Everybody was told to go home, but nobody expected to be working remotely for more than a couple of weeks — “by and large,” Pitts said, “nobody brought any equipment home with them.” So, like most every other organization, the company went into reaction mode. “One of our first challenges was that the workforce now had a whole bunch of bring-your-own-devices — their personal laptops or smartphones or what have you.” That meant a lot of time spent enabling them to work from home and providing guidance on where to get the right headset and camera so they could do their business. With such an enormous employee base, JPMC couldn’t issue devices to everyone itself, he added.
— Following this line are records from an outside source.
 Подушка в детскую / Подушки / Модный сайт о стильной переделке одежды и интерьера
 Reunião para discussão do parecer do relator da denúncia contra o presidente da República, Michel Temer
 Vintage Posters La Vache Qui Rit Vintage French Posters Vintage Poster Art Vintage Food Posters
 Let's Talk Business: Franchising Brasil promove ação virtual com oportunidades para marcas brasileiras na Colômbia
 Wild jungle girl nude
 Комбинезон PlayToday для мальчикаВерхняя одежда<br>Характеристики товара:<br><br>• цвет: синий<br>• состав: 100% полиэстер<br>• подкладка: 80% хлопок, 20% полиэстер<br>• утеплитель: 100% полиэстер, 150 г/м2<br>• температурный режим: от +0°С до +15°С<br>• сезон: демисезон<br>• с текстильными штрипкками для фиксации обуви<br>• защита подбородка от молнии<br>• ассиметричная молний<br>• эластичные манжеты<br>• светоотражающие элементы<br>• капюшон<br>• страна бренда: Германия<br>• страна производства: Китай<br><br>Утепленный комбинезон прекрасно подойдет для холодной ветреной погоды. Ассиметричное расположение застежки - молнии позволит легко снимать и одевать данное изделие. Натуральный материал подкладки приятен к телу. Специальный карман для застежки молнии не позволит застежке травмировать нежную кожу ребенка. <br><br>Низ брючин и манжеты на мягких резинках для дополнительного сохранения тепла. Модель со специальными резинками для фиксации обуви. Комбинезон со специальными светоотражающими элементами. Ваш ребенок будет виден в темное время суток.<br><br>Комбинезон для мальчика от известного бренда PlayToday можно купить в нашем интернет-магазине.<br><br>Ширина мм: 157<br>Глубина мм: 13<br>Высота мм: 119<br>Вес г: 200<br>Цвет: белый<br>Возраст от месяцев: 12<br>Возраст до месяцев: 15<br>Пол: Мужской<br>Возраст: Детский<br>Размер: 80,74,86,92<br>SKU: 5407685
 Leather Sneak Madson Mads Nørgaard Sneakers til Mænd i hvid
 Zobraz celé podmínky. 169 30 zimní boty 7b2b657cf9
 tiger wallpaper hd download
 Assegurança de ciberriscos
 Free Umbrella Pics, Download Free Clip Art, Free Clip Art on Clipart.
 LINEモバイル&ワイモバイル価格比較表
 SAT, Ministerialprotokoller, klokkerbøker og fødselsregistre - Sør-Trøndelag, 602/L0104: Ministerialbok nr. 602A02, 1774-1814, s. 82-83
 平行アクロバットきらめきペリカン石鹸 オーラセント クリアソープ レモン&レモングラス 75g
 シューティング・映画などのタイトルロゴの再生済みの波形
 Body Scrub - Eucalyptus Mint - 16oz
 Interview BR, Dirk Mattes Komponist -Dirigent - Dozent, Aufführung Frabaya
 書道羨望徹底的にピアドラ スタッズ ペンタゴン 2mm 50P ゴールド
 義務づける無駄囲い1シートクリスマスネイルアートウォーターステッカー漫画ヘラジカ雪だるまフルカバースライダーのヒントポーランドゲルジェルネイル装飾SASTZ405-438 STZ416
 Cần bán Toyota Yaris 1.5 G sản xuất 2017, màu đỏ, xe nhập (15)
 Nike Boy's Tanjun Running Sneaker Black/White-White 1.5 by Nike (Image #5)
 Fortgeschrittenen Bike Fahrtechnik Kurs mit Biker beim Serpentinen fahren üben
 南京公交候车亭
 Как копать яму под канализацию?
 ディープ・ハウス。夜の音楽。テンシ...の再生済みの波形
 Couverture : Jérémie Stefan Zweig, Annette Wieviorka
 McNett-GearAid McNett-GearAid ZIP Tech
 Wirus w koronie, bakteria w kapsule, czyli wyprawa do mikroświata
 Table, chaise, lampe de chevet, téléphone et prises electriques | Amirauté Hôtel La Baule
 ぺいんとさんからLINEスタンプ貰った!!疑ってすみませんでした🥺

As JPMC went into shutdown, it also became clear that it was going to have to fast-track a migration it had planned from an on-site videoconferencing system to the use of a cloud video service. That required a rethink around user rollout and adoption processes, so IT set up a just-in-time provisioning system. “Just by logging into the new videoconferencing system, they were getting an account. They didn’t have to go through the [request-approval] bureaucracy that is normal in a large company,” said Pitts, adding that JPMC onboarded 180,000 of its employees to the new cloud video platform in 10 business days. “If we had done anything, even like put up a webform barrier to ensure they read some rule, it just would not have gone off in the same way,” he said.
If that sounds too easy to you, it did to some of his users as well, Pitts said. “They were like, ‘Well, there’s got to be more to it. What’s wrong here that I was able to get into my meetings and just do it?’”
But just being able to do it, is, in fact the whole point, Pitts noted. “It’s really just making it more democratized, more available for people to use — getting those one-click-to-join experiences … out to people,” for example, he said. People aren’t “there to use these platforms. [They’re] there to communicate, so you have to remove all that friction in the tools as best you can.”